Kajal is the wife of the corrupt Ravi, who can win almost any court case. During a court case, he falsely accuses and gets a righteous man convicted of corruption, who then commits suicide out of shame. His son, Major Karan, swears revenge. One day, after a party that Kajal and Ravi attend, he fires a pistol directly at Ravi but Kajal, saves her husband using her body as a shield. Karan fires a second time, and Ravi is shot in the spinal cord, loses part of his memory as the doctors diagnose him with 'retrograde amnesia".

In the hospital, Kajal succumbs to her injury. In an attempt to restore Ravi's memory, Singhal requests the help of a street woman, Kajri, who looks exactly like Kajal, to pretend to be Ravi's wife temporarily.

However, the obstinate Karan is still seeking his revenge by stalking Ravi in the hospital and hatches a plan to kill Ravi. Karan and Kajri collect all the evidence that proves Karan's father's innocence. Ravi regains his memory and starts to sympathise with Karan. With the help of Kajri, he promises Karan that once he recovers fully, he will prove to the court that Karan's father was actually innocent but wrongly persecuted, presenting all the proof. Learning of this turn of events, Singhal turns the tables on Ravi.
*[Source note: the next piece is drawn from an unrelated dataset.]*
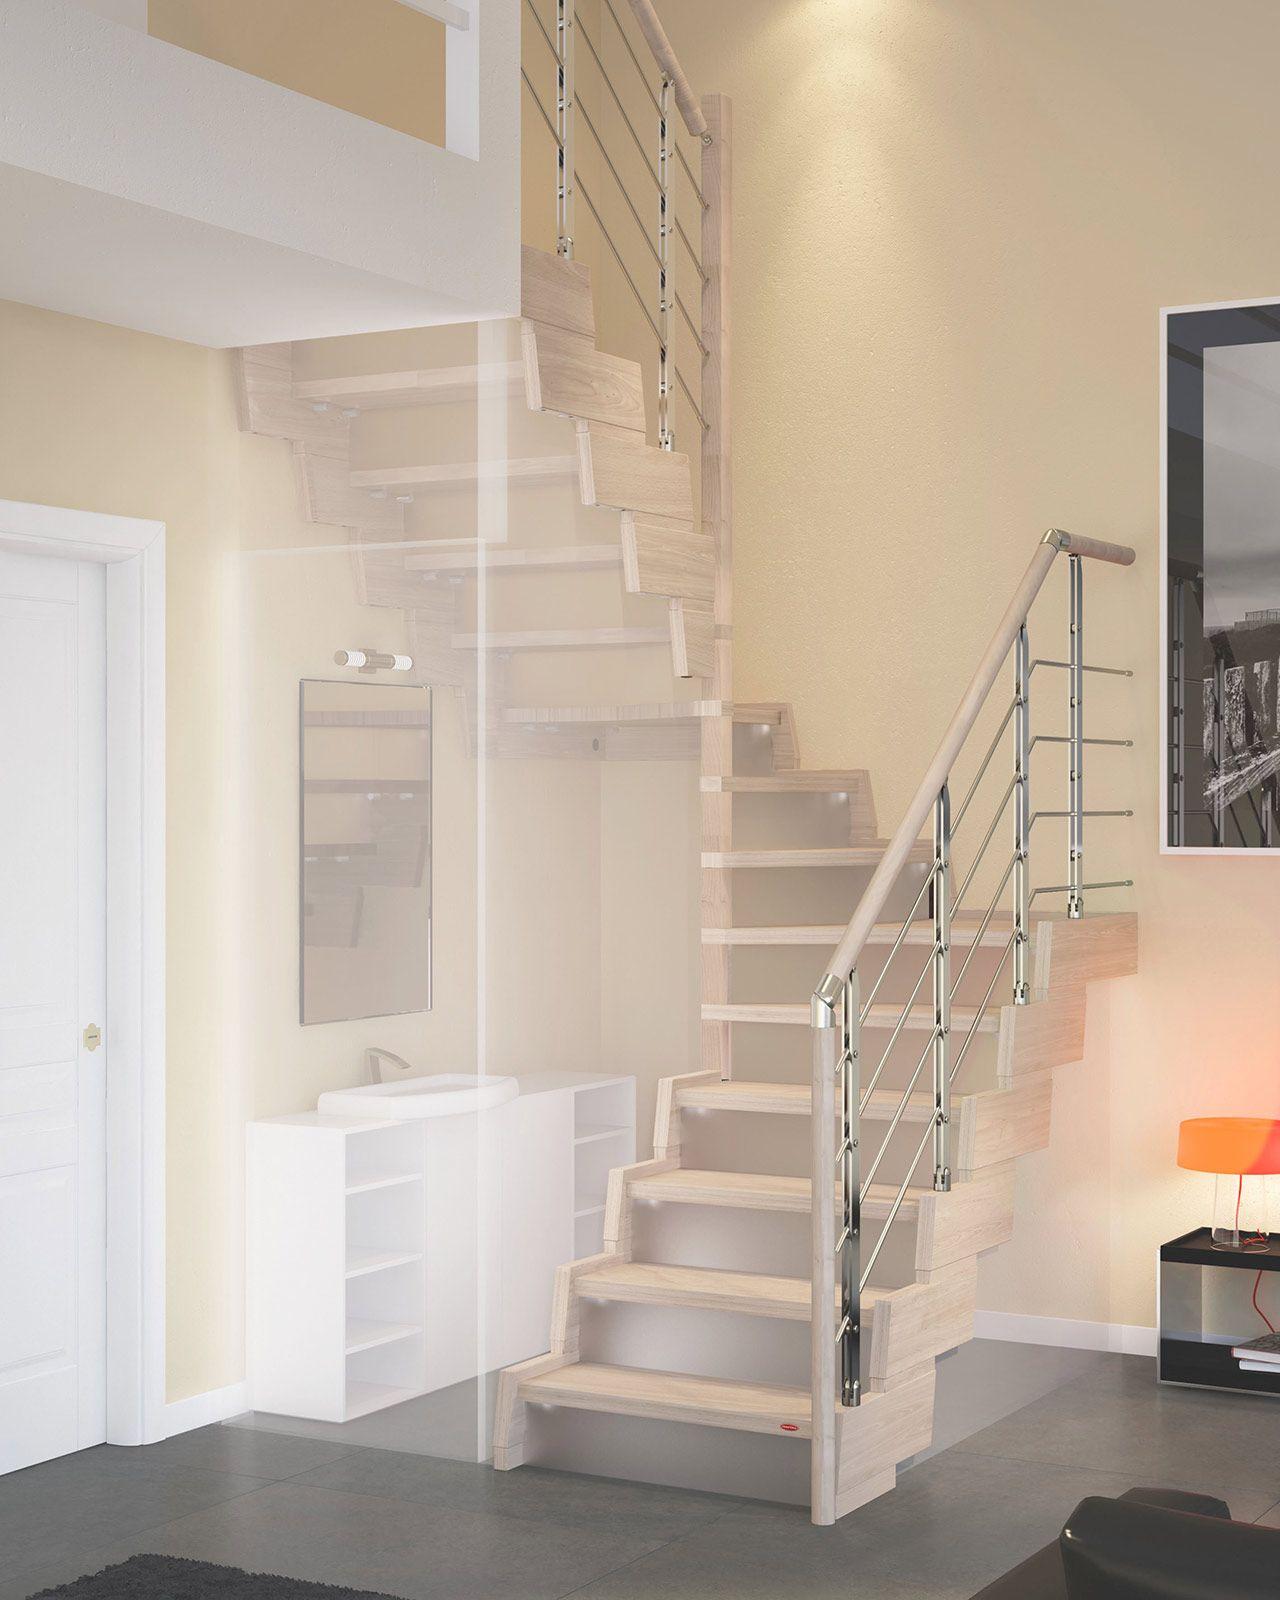 Ristrutturazione dalla porta alla scala soluzioni salvaspazio scale and staircases - Soluzioni per chiudere scale interne ...

A significant family feud ensues between Singhal and Ravi. Ravi, with the help of Karan, wins the final court case, and finally, the real perpetrators are placed behind bars (including Singhal, who had instigated this). Ravi and Kajri unite happily, and Karan gives himself up to the police voluntarily and asks Ravi to defend his case in the court.

== Cast ==
- Sanjay Dutt as Captain Karan Singh
- Chandrachur Singh as Ravi Verma
- Mahima Chaudhry - as Kajal Verma (Nee Singhal) / Kajri (Double Role)
- Sushma Seth as Tai
- Shakti Kapoor - as Dr. Anand
- Sachin Khedekar - as Inspector Vinay Kumar
- Raj Babbar - as Mr. Singhal
- Kunickaa Sadanand - as Nurse Lily
- Johnny Lever- as Compounder Sunder
- Shivaji Satam - as Satya Prakash Singh, Karan's father
- Mohan Joshi as Purushottam Jalan
- Harish Patel as Bihari
- Neha Pendse as child

== Soundtrack ==

All songs were composed by Rajesh Roshan and lyrics by Sameer.
"Pardesiya Itna Bata Sajna, "Dil Deewana Na Jaane ( Anuradha Paudwal solo)" was very famous at the time of the movie release. The song "Dil Deewana" borrows its charanam from "Pehli Pehli Baar Mohabbat Ki Hai" from Sirf Tum (1999).

| # | Title | Singer(s) |
|---|---|---|
| 1 | "Dil Deewana" | Kumar Sanu, Anuradha Paudwal |
| 2 | "Piya Lagi Lagan" | Anuradha Paudwal, Jaspinder Narula |
| 3 | "Dil Deewana Naa Jaane Kab (Female)" | Anuradha Paudwal |
| 4 | "Pardesiya Itna Bata Sajna" | Udit Narayan, Anuradha Paudwal |
| 5 | "Pyar Hamein Pyar Tum" | Udit Narayan, Alka Yagnik |
| 6 | "Lucky Kabootar" | Sukhwinder Singh |
| 7 | "Chehra Tera Chehra" | Kumar Sanu, Anuradha Paudwal |
| 8 | "Dil Dhak Dhak Dhadke" | Jaspinder Narula |
| 9 | "Pyar Hamein Pyar Tum (Instrumental)" |  |

== Reception ==
Though Mahima Chaudhry dominated the movie a critic from Deccan Herald opined that "Sanjay Dutt runs along the fringes of the storyline, making occasional incursions of zero impact. Chandrachur. with his flair and self-assured air puts Sanjay’s laboured outbursts to shame. A few spirited songs by Rajesh Roshan add some spice".